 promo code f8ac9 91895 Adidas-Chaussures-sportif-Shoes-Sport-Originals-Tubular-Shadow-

...

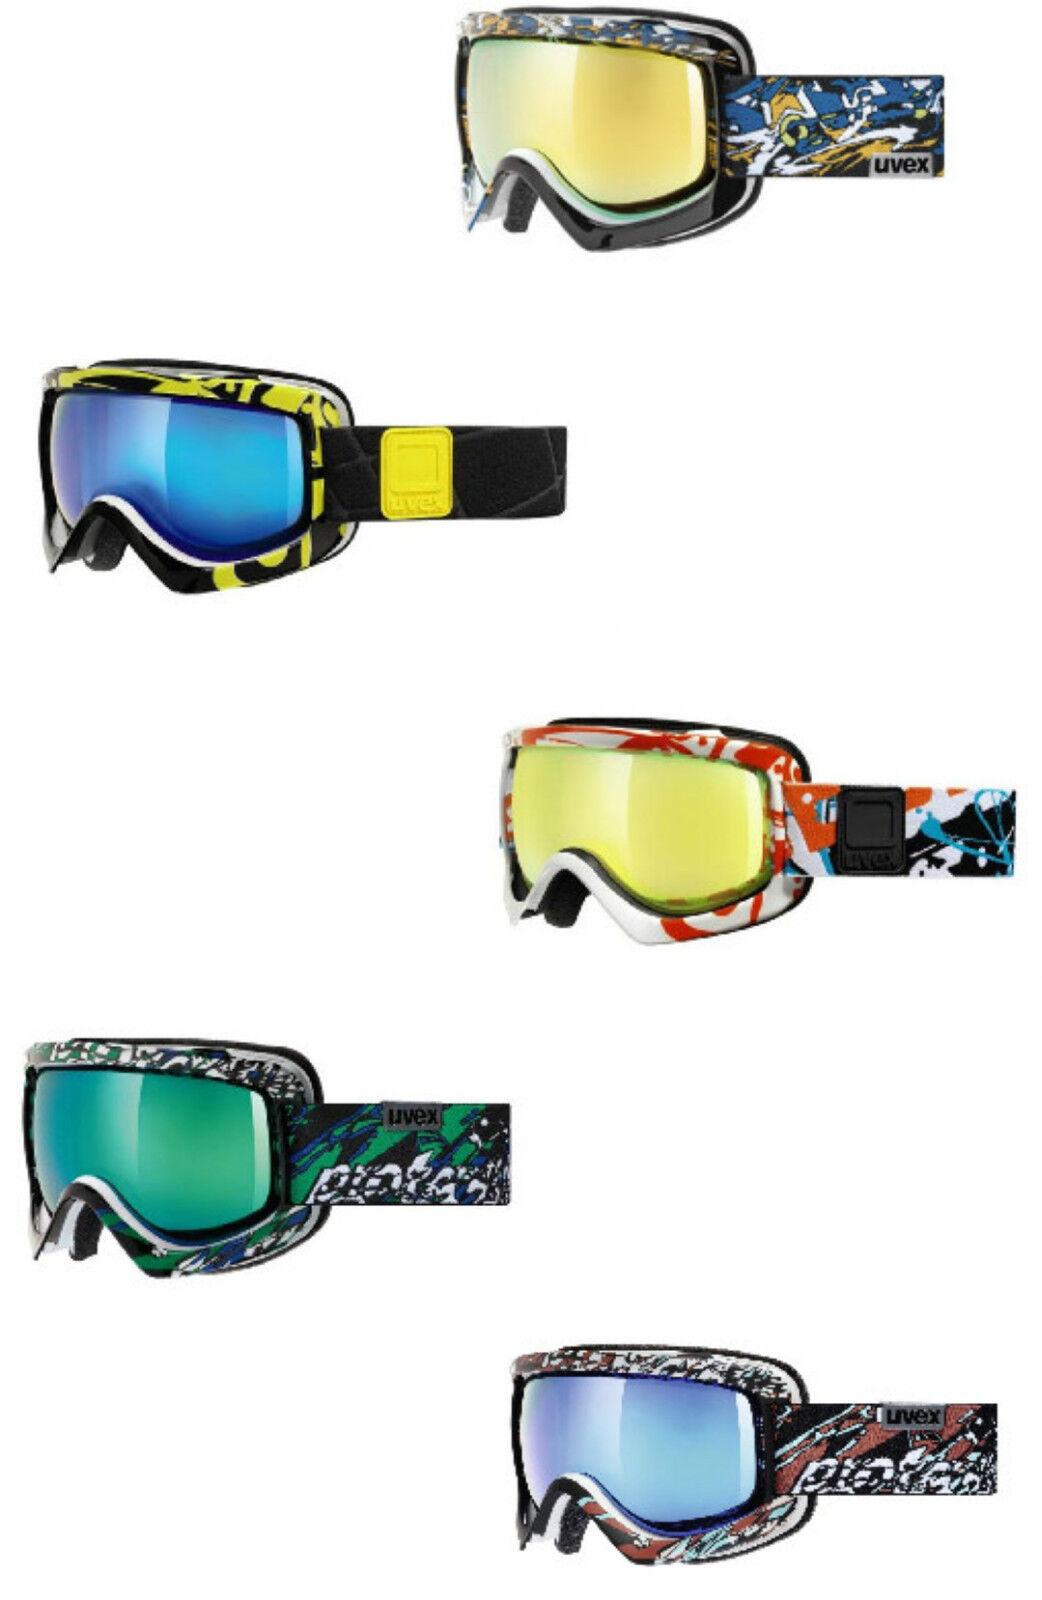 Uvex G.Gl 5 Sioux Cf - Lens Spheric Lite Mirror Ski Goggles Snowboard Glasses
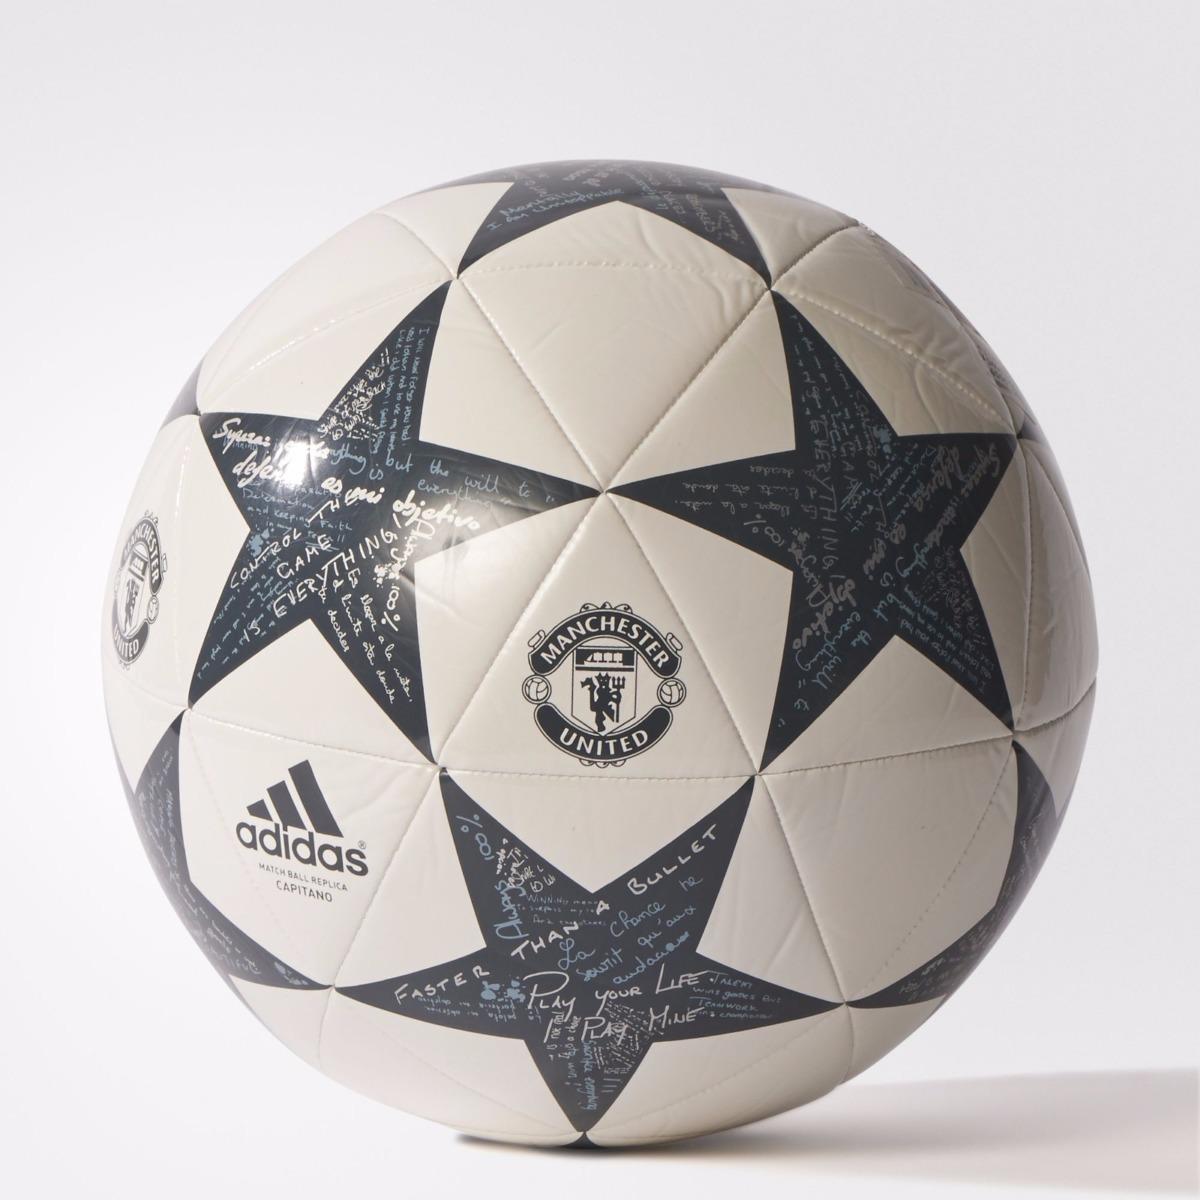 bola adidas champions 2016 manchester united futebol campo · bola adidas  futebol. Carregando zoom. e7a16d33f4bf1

--

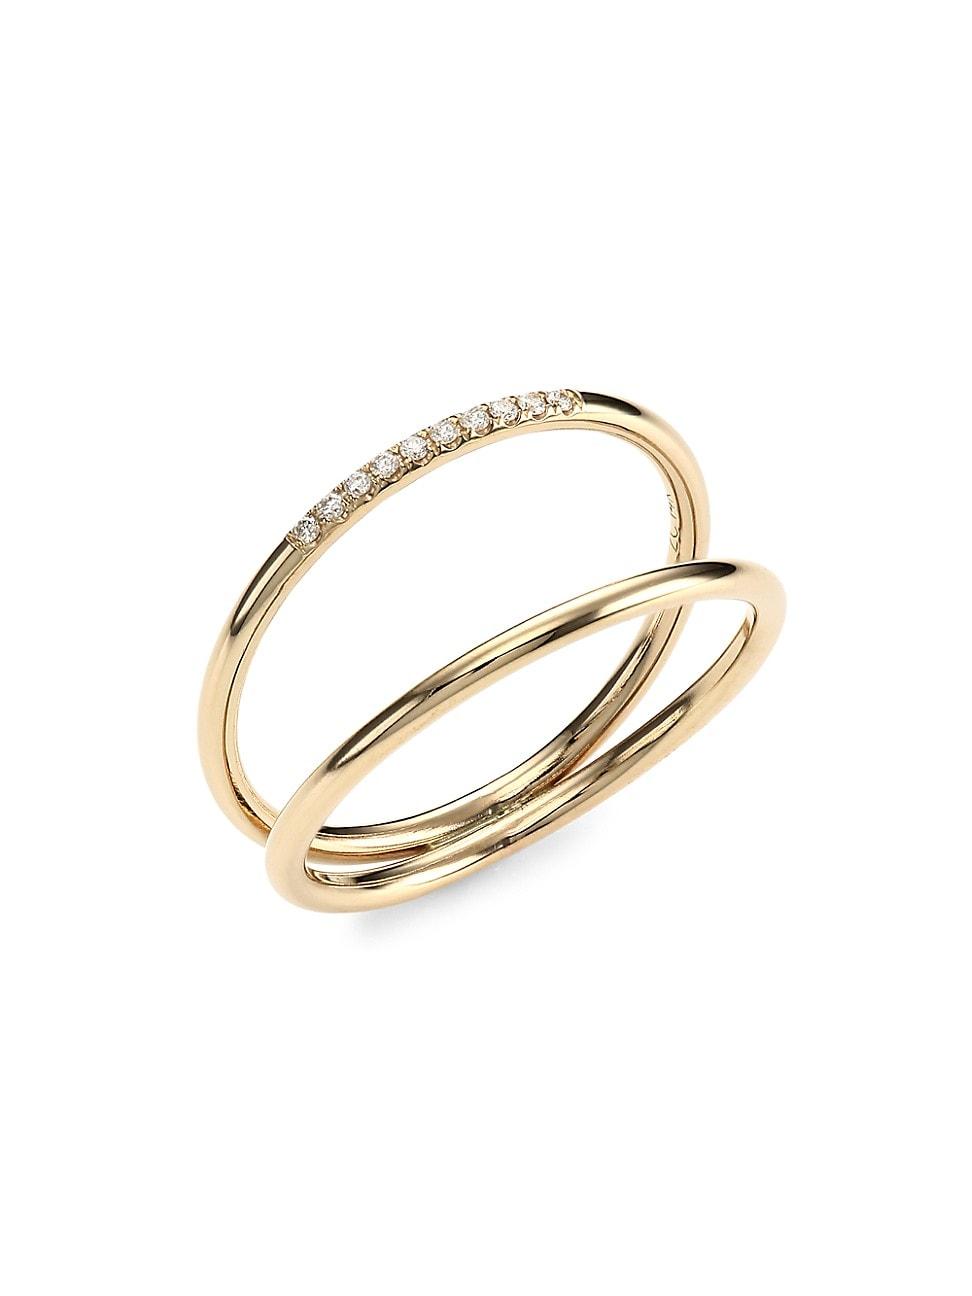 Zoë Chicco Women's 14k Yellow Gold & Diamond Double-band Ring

__Your goal__.
Using the data above, give again exactly the lines starting at the one holding "Uvex G.Gl 5" and ending at the one holding "bola adidas champions", inclusive, and nothing more. Omit the pictures.

__Written answer__.
 Uvex G.Gl 5 Sioux Cf - Lens Spheric Lite Mirror Ski Goggles Snowboard Glasses
 bola adidas champions 2016 manchester united futebol campo · bola adidas  futebol. Carregando zoom. e7a16d33f4bf1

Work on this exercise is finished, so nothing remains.